Parameter	         Description
test_size=0.2	     20% of data for testing
random_state=42    	Ensures the split is reproducible

In short:

Use train_test_split() to divide your data into training and testing sets for building and evaluating models.


# 25. Explain data encoding?

**Data Encoding** is the process of **converting categorical (text) data into numeric form** so that machine learning models can understand and use it.
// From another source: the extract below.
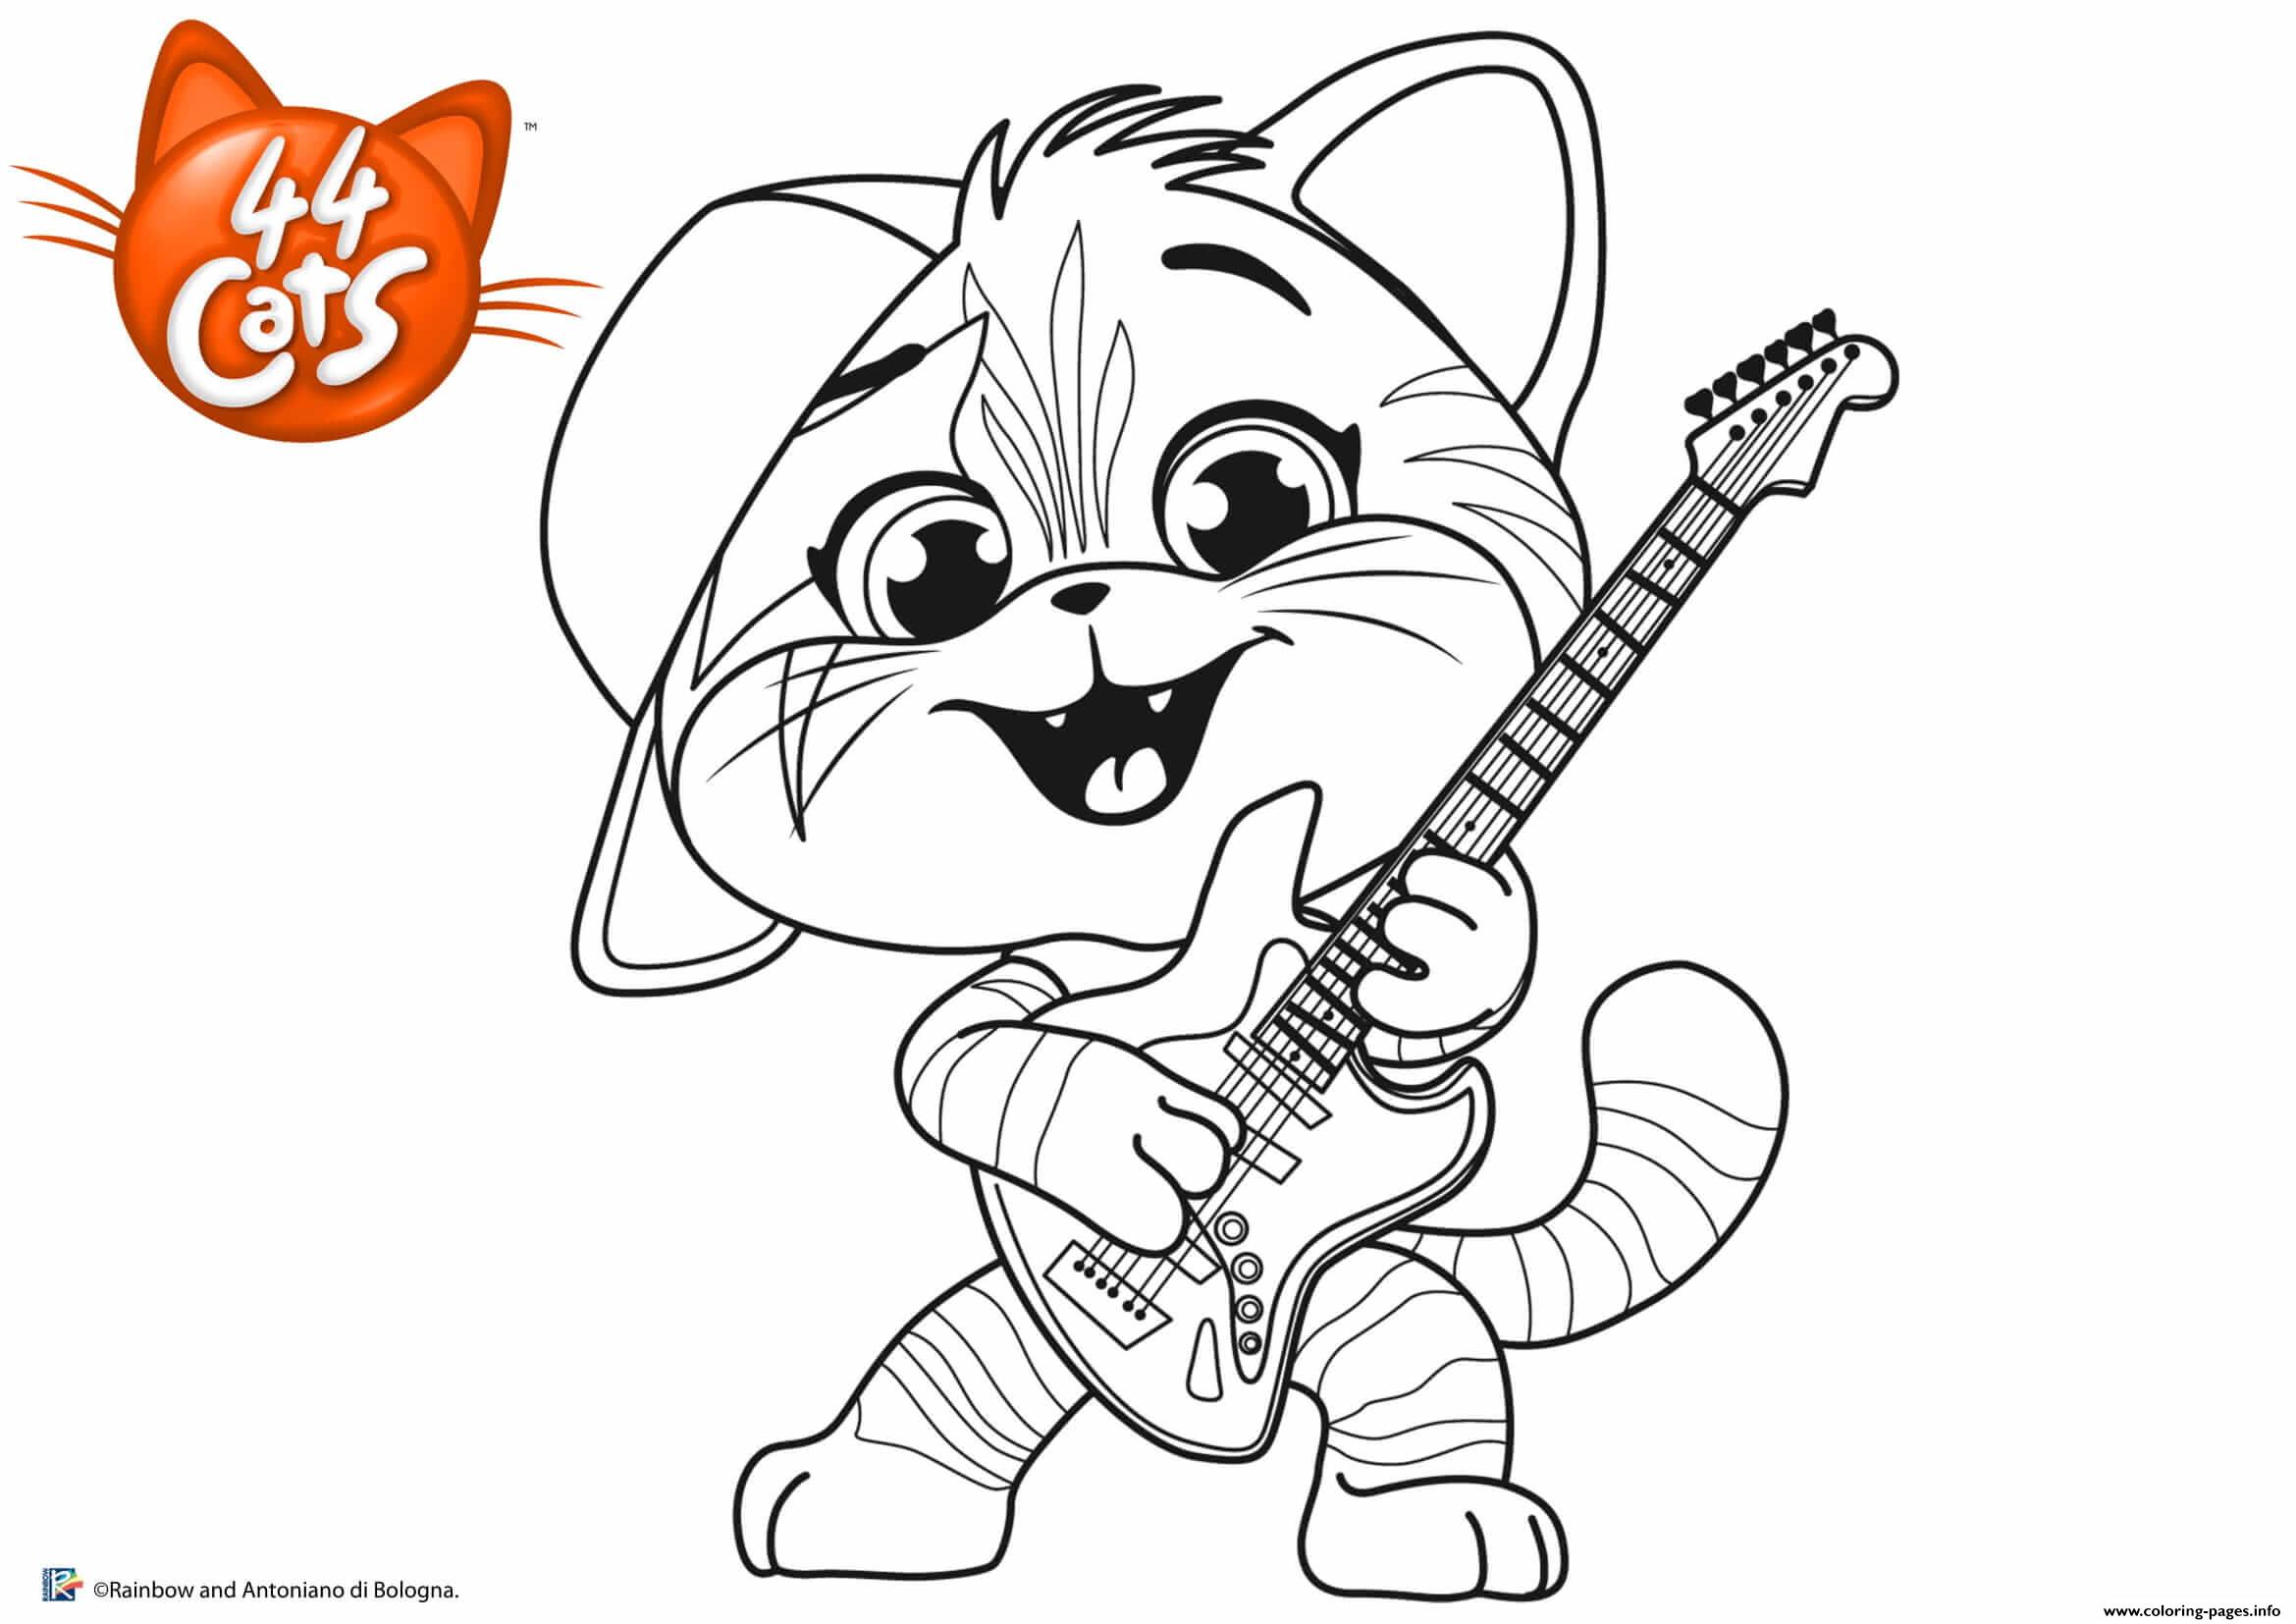 Download 44 Cats Lampo colouring image

Most ML algorithms work only with **numerical values**, not strings or labels.

---

###  Why is Encoding Needed?

- Categorical data like "Male"/"Female" or "Red"/"Blue" must be turned into numbers.
- Helps the model interpret and learn from the data.

---

###  Common Encoding Techniques:

| Technique           | Use Case                               |
|---------------------|-----------------------------------------|
| **Label Encoding**  | For **ordinal** data (ordered categories) |
| **One-Hot Encoding**| For **nominal** data (no order)         |
| **Ordinal Encoding**| When order matters (manually assigned) |
| **Target Encoding** | Uses target variable (e.g., mean)       |
| **Frequency Encoding** | Based on count of categories         |

---

###  Example: One-Hot Encoding


import pandas as pd

df = pd.DataFrame({'color': ['red', 'blue', 'green']})
encoded = pd.get_dummies(df['color'])
print(encoded)

Output:

   blue  green  red
   
0     0      0    1

1     1      0    0

2     0      1    0

In short:

Data encoding converts text labels into numbers so machine learning models can use them.